Most of all, though, you learn that there's pretty much nothing you can't forgive.
There's nothing intimidating about your childhood tormentor now. His hands tremble, constantly. Couldn't make a fist if he tried. He's not big now, either. You thought it was good at first, when all that fat started to melt away and he actually looked normal, healthy for the first time in years. But then the fat was all gone and muscle started to follow and now he just looks wasted.
It's surprising. You expected to feel vindicated. After all, didn't you once write, in that green-leather diary you got for Christmas all those years ago, that you hated him and wanted him to die?
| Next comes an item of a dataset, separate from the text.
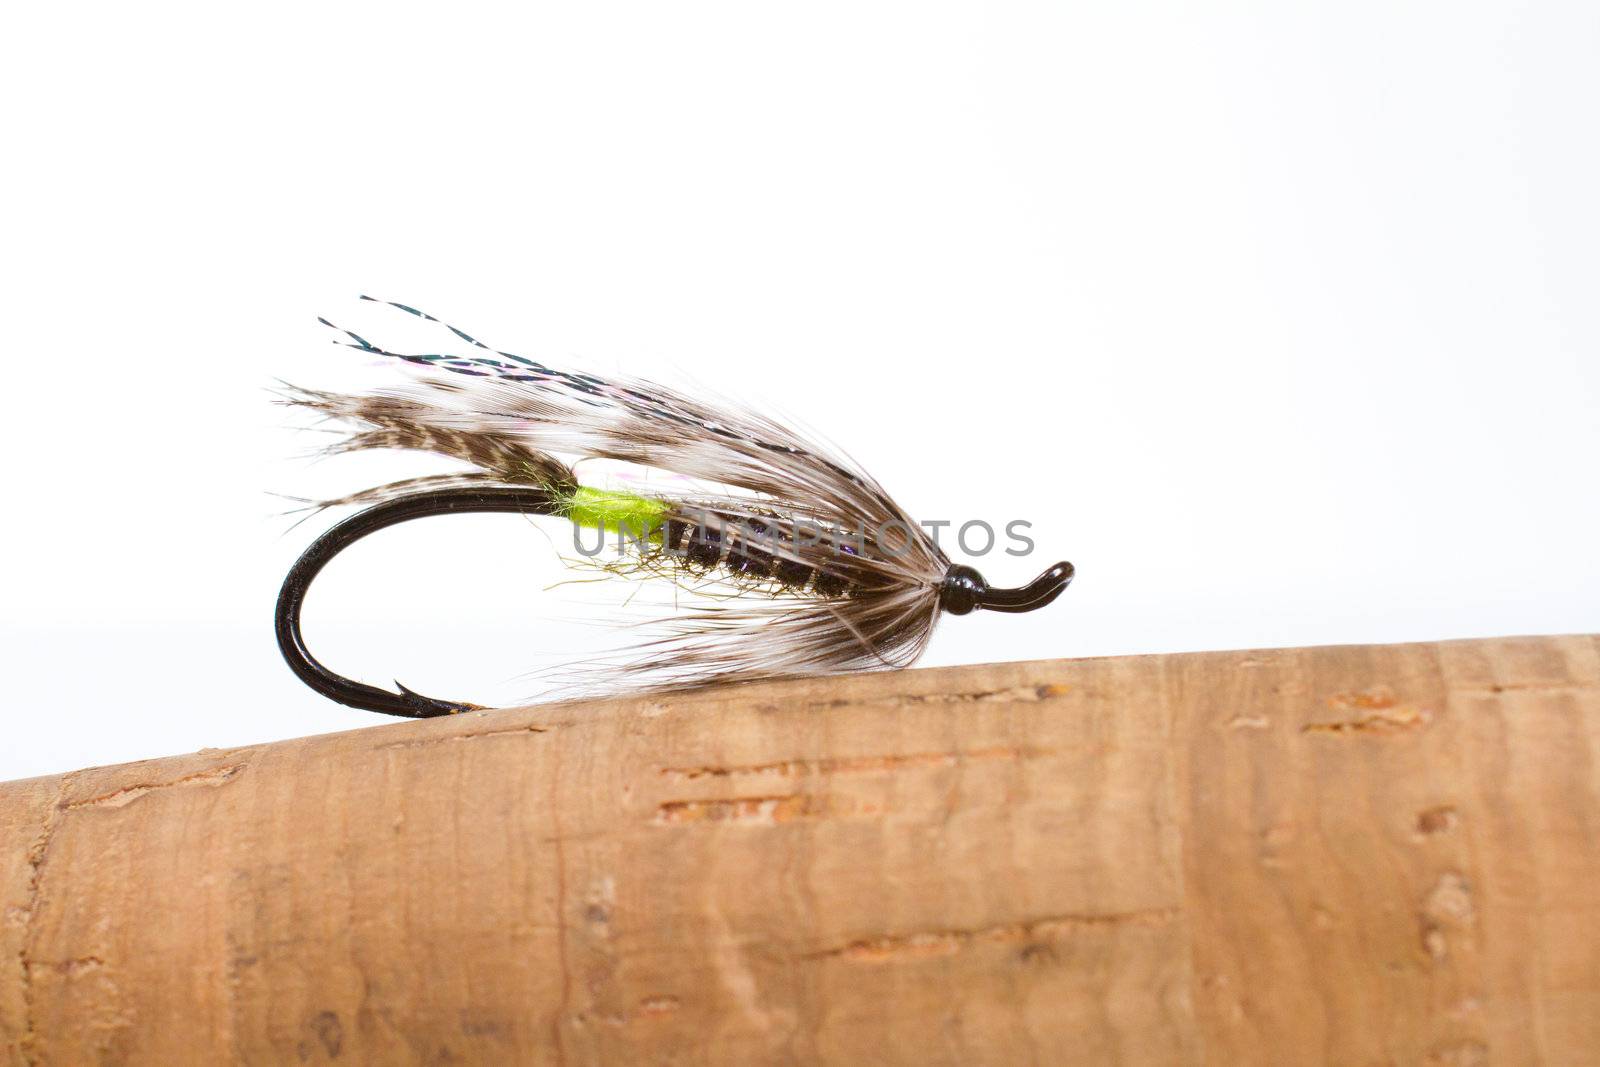 This green butted silver hilton steelhead fly fishing streamer is isolated against a white background in the studio along with the cork handle of the fly fishing rod.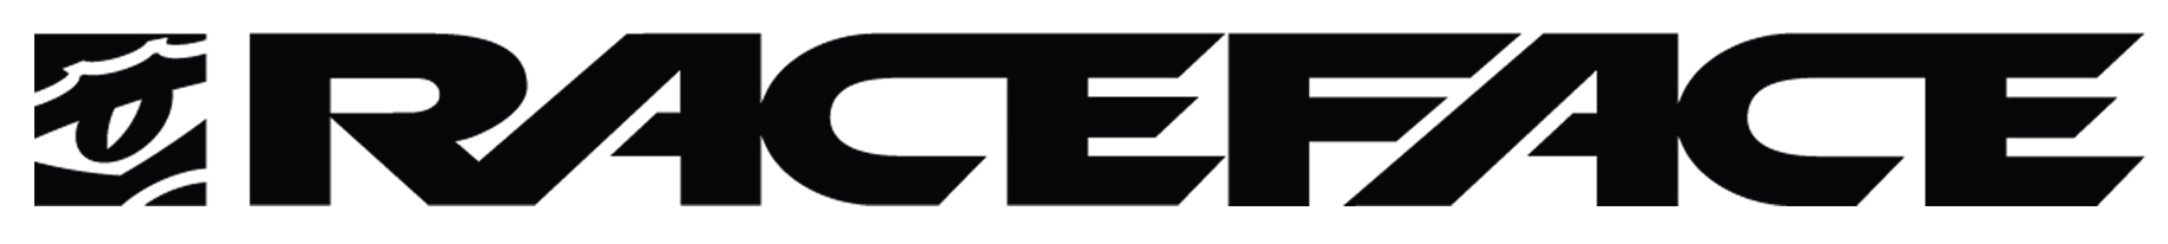 Race Face | SixC, Atlas, Chester Components and Apparel | TPC - The Pro ...

You've still got that scar on your cheek from ten years ago when he got angry and, forgetting his own strength, you suppose, sent you flying into the coffee table. You still cringe when someone raises their voice and you'll probably never get to the point where your spine doesn't crawl when someone holds you by your wrist. Your old man, he never was going to win any father of the year awards. But he wasn't the worst, either. He fed you. He bought you clothes and paid for your books and uniform for school. Sometimes he ordered pizza and he'd sit there while you ate, sipping his lager and telling you awful, offensive jokes (you love them - the more they make people wince, the better they are). Sometimes he didn't drink much at all and you think you loved him then.
There are just enough of those moments in your memory to make watching the mighty fall sad rather than satisfying. This bone-white, trembling bag of pain and bones used to be a nice man. It was a long time ago, you think, probably before you were born, but he had to have been good because your mother loved him, once. She loved him enough to marry him and your mother wasn't an idiot. And, in those precious moments between drinks, when everything was startlingly clear and your father wasn't angry at the world, he loved you.
And that's enough. Enough to make holding grudges feel uncomfortably like childishness. Hating takes energy that you don't have anymore and it's easier just to let to, to let forgiveness sweep in like the tide and wash the crudely built sandcastles of your resentment away.
Heres something else you've learned lately, reading posters on hospital walls. In a healthy human, the viscosity of blood averages in at around 0.0027 N-sm^-2. That's thicker than water after all.